FFmpeg Transcode Video: Complete Codec Conversion Guide

Transcoding is not the same as converting

Most people use "convert" and "transcode" interchangeably. They're not the same thing, and the difference matters when you're trying to figure out why your "conversion" took 45 minutes instead of 2 seconds. (If you're brand new to FFmpeg, start with the command line beginner guide for installation and basic syntax.)

When you transcode video with FFmpeg, you decode it from one codec and re-encode it into another. The pixels get decompressed, then recompressed using a different algorithm. This takes time and CPU because the encoder has to make millions of decisions about how to represent each frame.

When you remux (sometimes called "rewrap"), you move the existing compressed stream into a different container without touching the codec. No decoding, no re-encoding. It finishes in seconds because FFmpeg just copies bytes.

Here's the difference in practice:

# Transcoding: decode H.264, re-encode as H.265 (slow, CPU-heavy)
ffmpeg -i input.mp4 -c:v libx265 -crf 28 -c:a aac output.mp4

# Remuxing: copy streams into a new container (fast, no quality loss)
ffmpeg -i input.mkv -c:v copy -c:a copy output.mp4

The -c:v copy flag is the tell. When you see copy, nothing gets transcoded. When you see a codec name like libx264 or libx265, FFmpeg is doing real work.

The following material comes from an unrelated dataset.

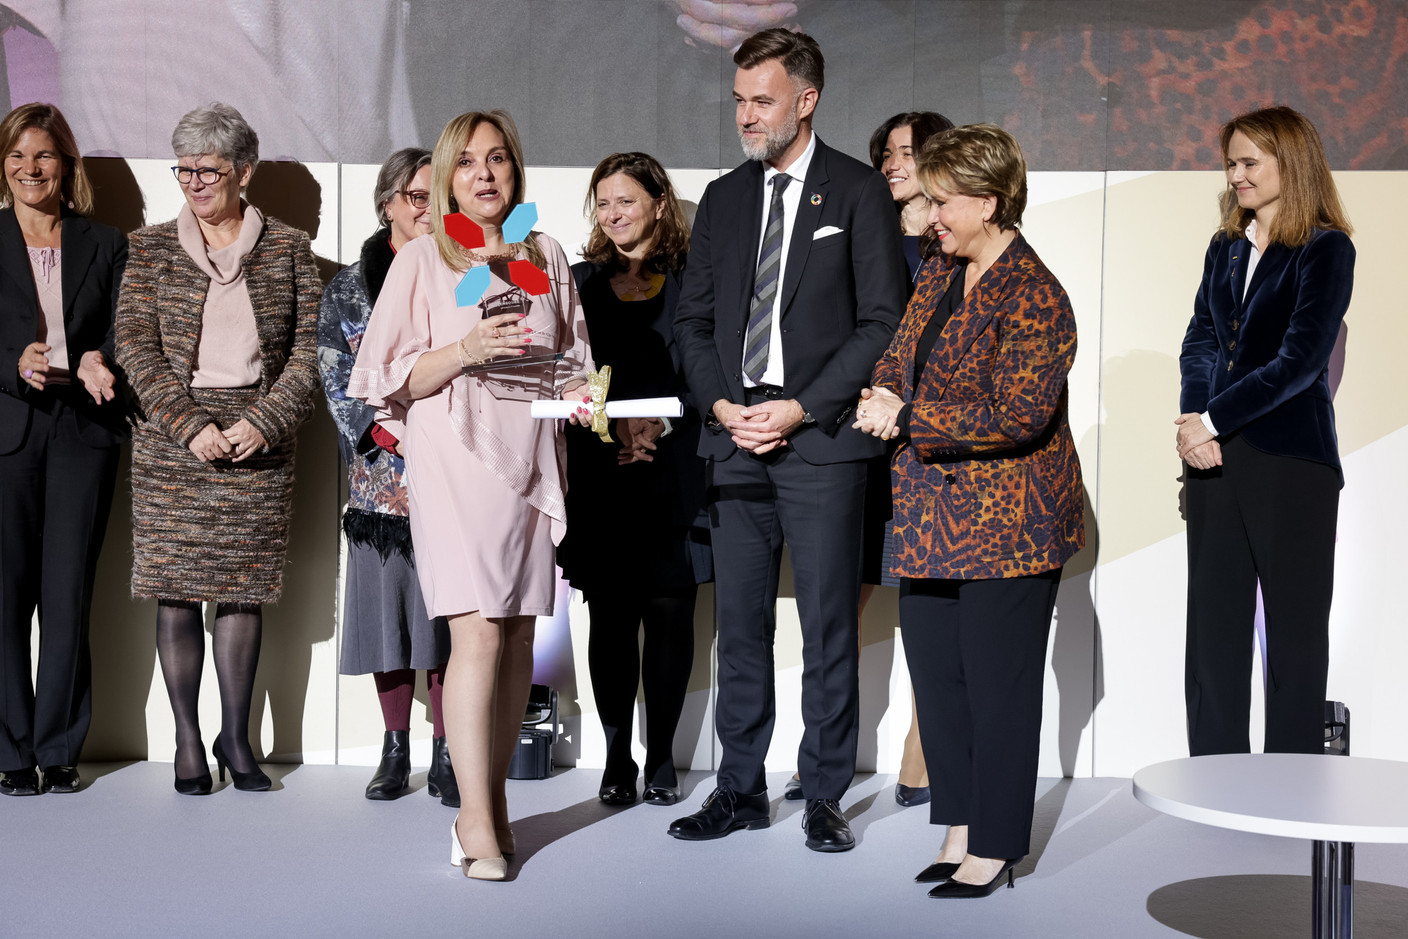 Day 2: Banco FIE represented by its President, Ximena Behoteguy, receiving the award from Her Royal Highness the Grand Duchess and President of the High Jury with members of the selection committee on stage    InFiNe.lu
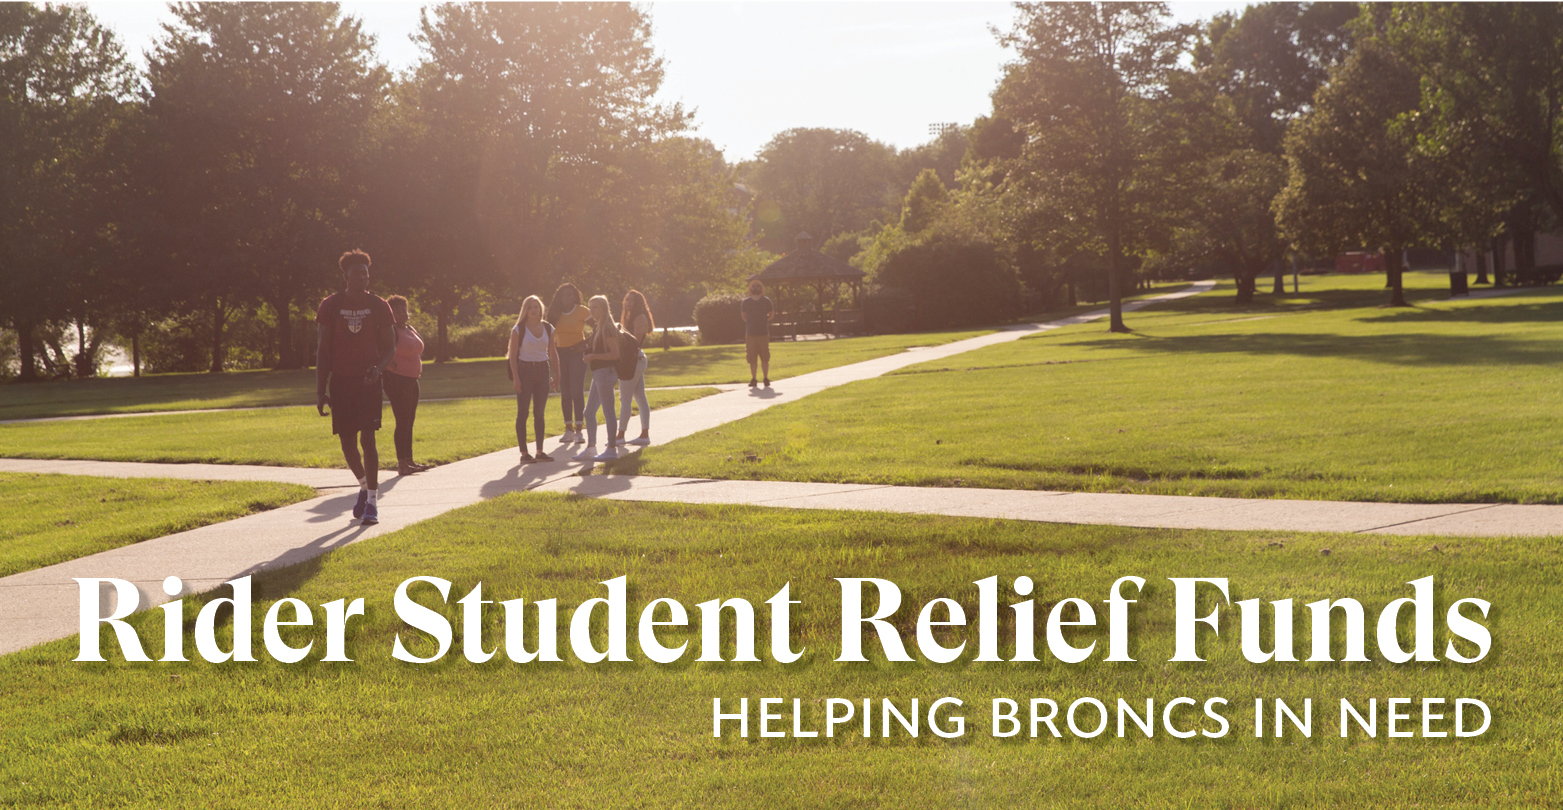 Helping Broncs in Need

A quick way to check what codecs are inside a file before deciding:

ffprobe -v error -show_entries stream=codec_name,codec_type -of csv=p=0 input.mp4
# Output:
# h264,video
# aac,audio

The ffprobe tutorial covers more inspection techniques — JSON output, batch scripting, and extracting specific fields — if you need to automate these checks.

If the output codec matches what you need and only the container is wrong, remux. Otherwise, transcode.

So when do you actually need to ffmpeg transcode video? When the codec itself needs to change. Maybe you shot ProRes on a camera and need H.264 for the web. Maybe you have old H.264 files and want H.265 to cut storage costs in half. Maybe a client sent you VP9 WebM and your player only handles MP4. Or maybe you're converting animated GIFs to MP4 for web delivery — that's a transcode from GIF's frame-by-frame encoding to H.264's inter-frame compression, and it typically shrinks the file by 10-50x. If your goal is purely to reduce file size within the same codec (or pick the best codec for compression), the video compression guide covers CRF tuning, two-pass encoding, and platform-specific compression in detail.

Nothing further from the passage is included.